**What the task asks**:
Set down each line exactly, beginning with the one that contains "Aerial photograpy of" and continuing through the last line of the listing, and nothing else.

**Data**:
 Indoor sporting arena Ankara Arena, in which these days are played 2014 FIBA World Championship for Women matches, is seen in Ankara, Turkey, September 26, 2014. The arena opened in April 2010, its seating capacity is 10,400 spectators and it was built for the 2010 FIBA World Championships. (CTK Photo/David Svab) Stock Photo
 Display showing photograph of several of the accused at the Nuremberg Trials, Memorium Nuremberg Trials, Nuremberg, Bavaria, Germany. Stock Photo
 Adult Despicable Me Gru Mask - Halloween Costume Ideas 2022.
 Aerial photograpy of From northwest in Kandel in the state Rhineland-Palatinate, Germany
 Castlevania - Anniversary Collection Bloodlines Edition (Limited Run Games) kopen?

**Expected answer**:
 Aerial photograpy of From northwest in Kandel in the state Rhineland-Palatinate, Germany
 Castlevania - Anniversary Collection Bloodlines Edition (Limited Run Games) kopen?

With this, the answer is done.